In Rode v. Dellarciprete, 845 F.2d 1195, 1207 (3d Cir. 1988), the Third Circuit held that "a defendant in a civil rights action must have personal involvement in the alleged wrongs; liability cannot be predicated solely on the operation of respondeat superior. Personal involvement can be shown through allegations of personal direction or of actual knowledge and acquiescence. Allegations of participation or actual knowledge and acquiescence, however, must be made with appropriate particularity." Id. at 1207 (citing Parratt v. Taylor, 451 U.S. 527, 537 n. 3 (1981); Hampton v. Holmesburg Prison Officials, 546 F.2d 1077, 1082 (3d Cir. 1976)). Plaintiff, however, cannot establish that Governor McGreevey caused the alleged violation of his civil rights. Governor McGreevey accurately asserts that there is nothing alleged in Plaintiff's complaint that could give rise to a claim against Governor McGreevey since he was sworn in as Governor on January 15, 2002, more than 10 years after Plaintiff's arrest. (Def.'s Br. at 8.) Plaintiff has also failed to allege any personal involvement by Governor McGreevey with the purportedly wrongful conduct. (Id. at 9.)

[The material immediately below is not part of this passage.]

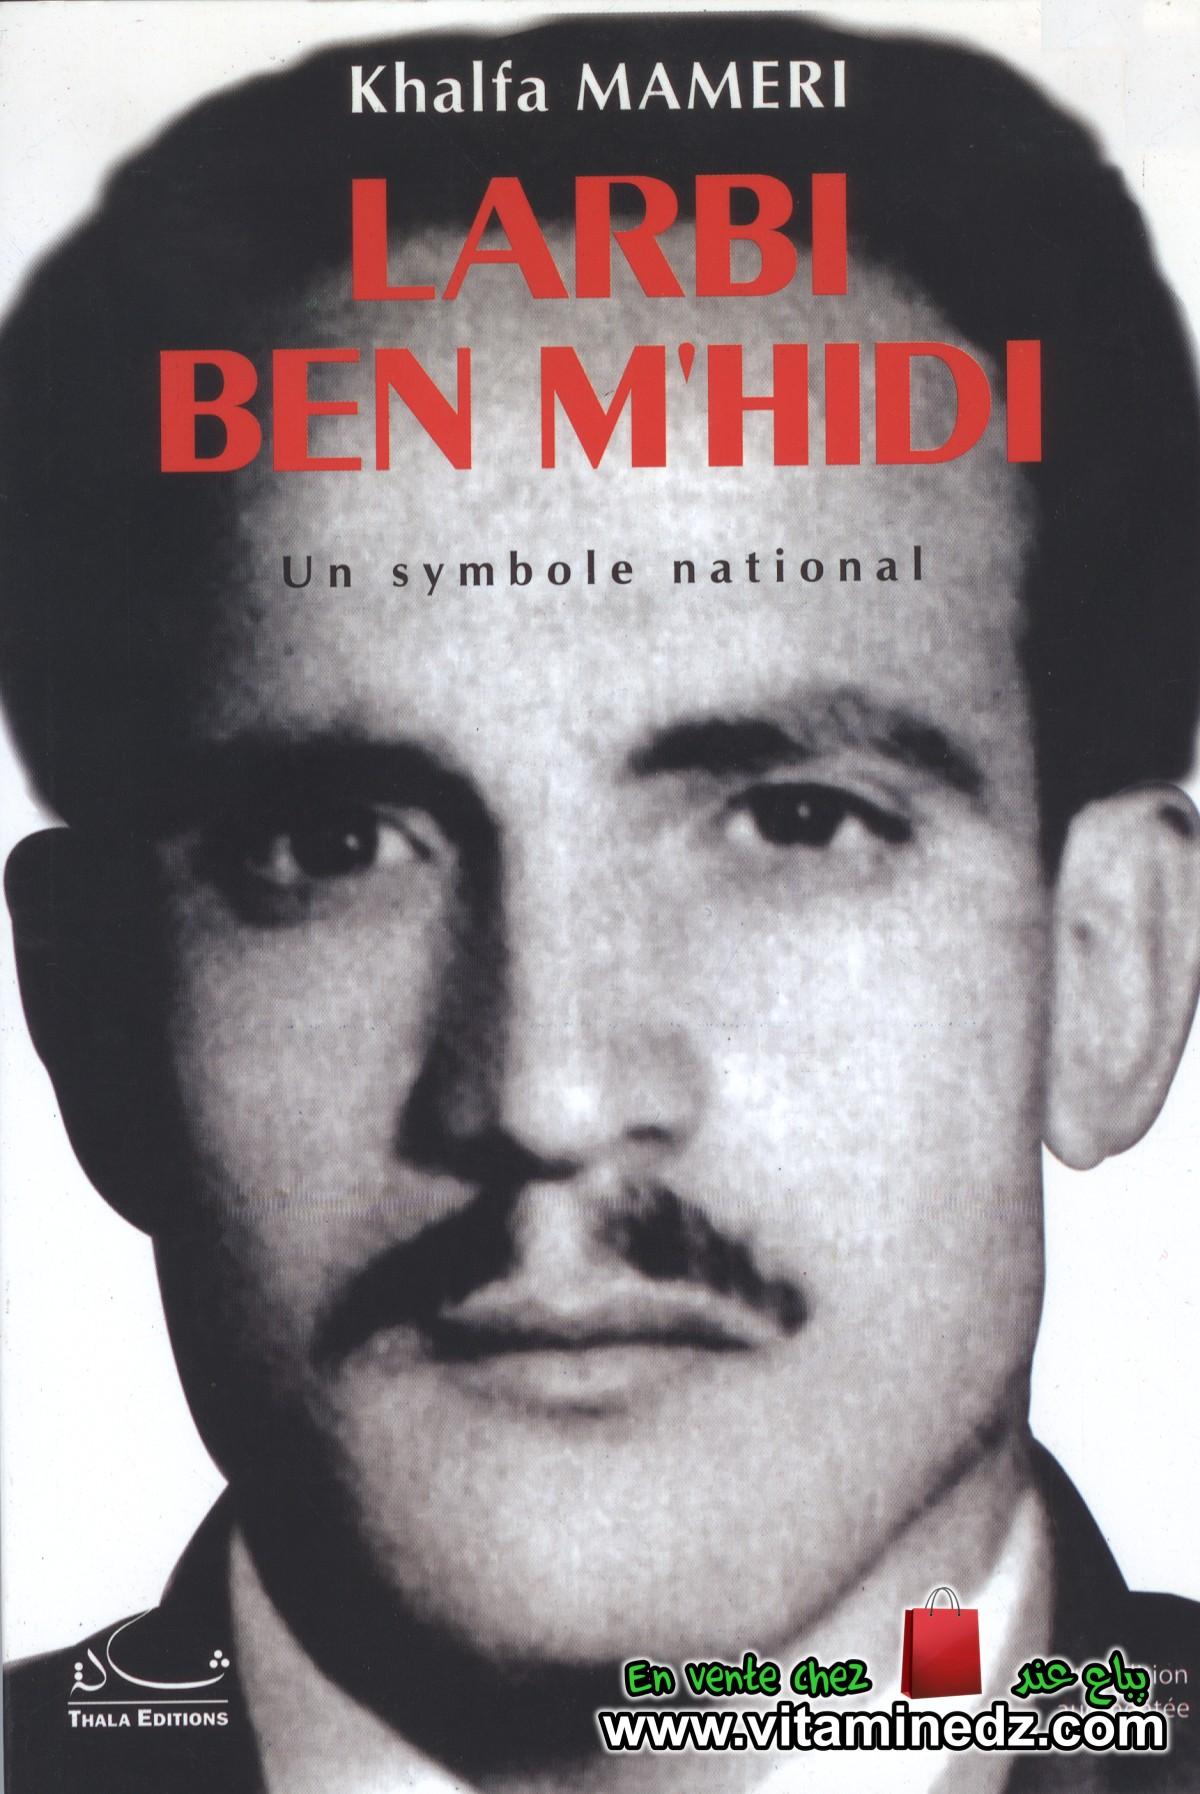 Khalfa Mameri - Larbi Ben M'hidi, un symbole national

C. NEW JERSEY STATE LAW CLAIMS
To the extent that Plaintiff's Complaint is construed to assert state common law violations, those claims fail on procedural grounds.
Plaintiff's Complaint alleges state common law claims against Governor McGreevey for false arrest, false imprisonment, and improper search. (Compl. at 5.) Under N.J.S.A. 59:8-3 and 8-8, a claim brought against a public entity or public employee under the New Jersey Tort Claims Act requires the claimant to file notice of the claim with the public entity within 90 days of the accrual of the cause of action. A cause of action accrues under the New Jersey Tort Claims Act at the time the tort is committed.Torres v. Jersey City Medical Center, 140 N.J.Super. 323, 356 A.2d 75 (1976).

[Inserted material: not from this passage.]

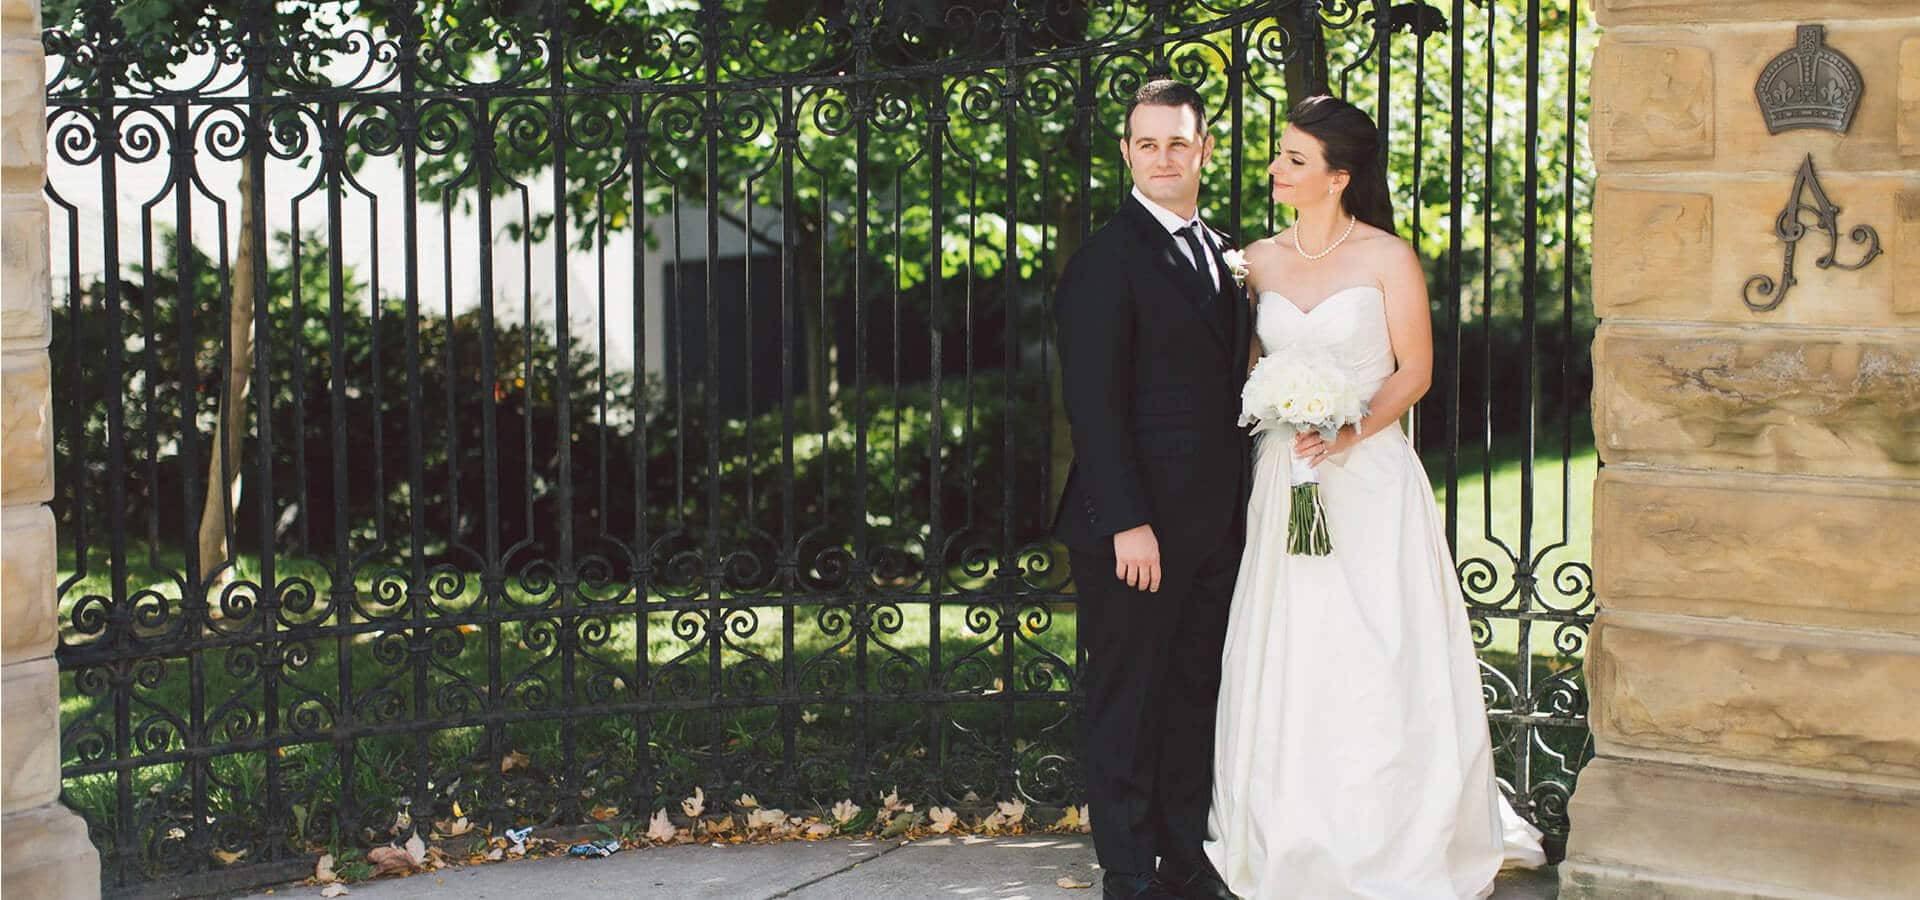 Hero image for Shana and Michael's Wedding at The Bram & Bluma Appel Salon

The Court agrees with Governor McGreevey that Plaintiff has failed to demonstrate compliance with the statute. Plaintiff's claims accrued on April 9, 1991, the date of the alleged tortious conduct, and Plaintiff failed to file notice of his claims with Governor McGreevey within 90 days of accrual as required byN.J.S.A. 59:8-8(a). Plaintiff fails to qualify for the "notice of late claim" exception provided in N.J.S.A. 59:8-9; therefore, to the extent Plaintiff alleges common law tort claims against Governor McGreevey, the Court dismisses those claims as untimely.
V. CONCLUSION
For the foregoing reasons, Governor McGreevey's motion to dismiss Plaintiff's Complaint against him pursuant to Fed.R.Civ.P. 12(b)(6) is hereby granted with prejudice. An appropriate Order follows.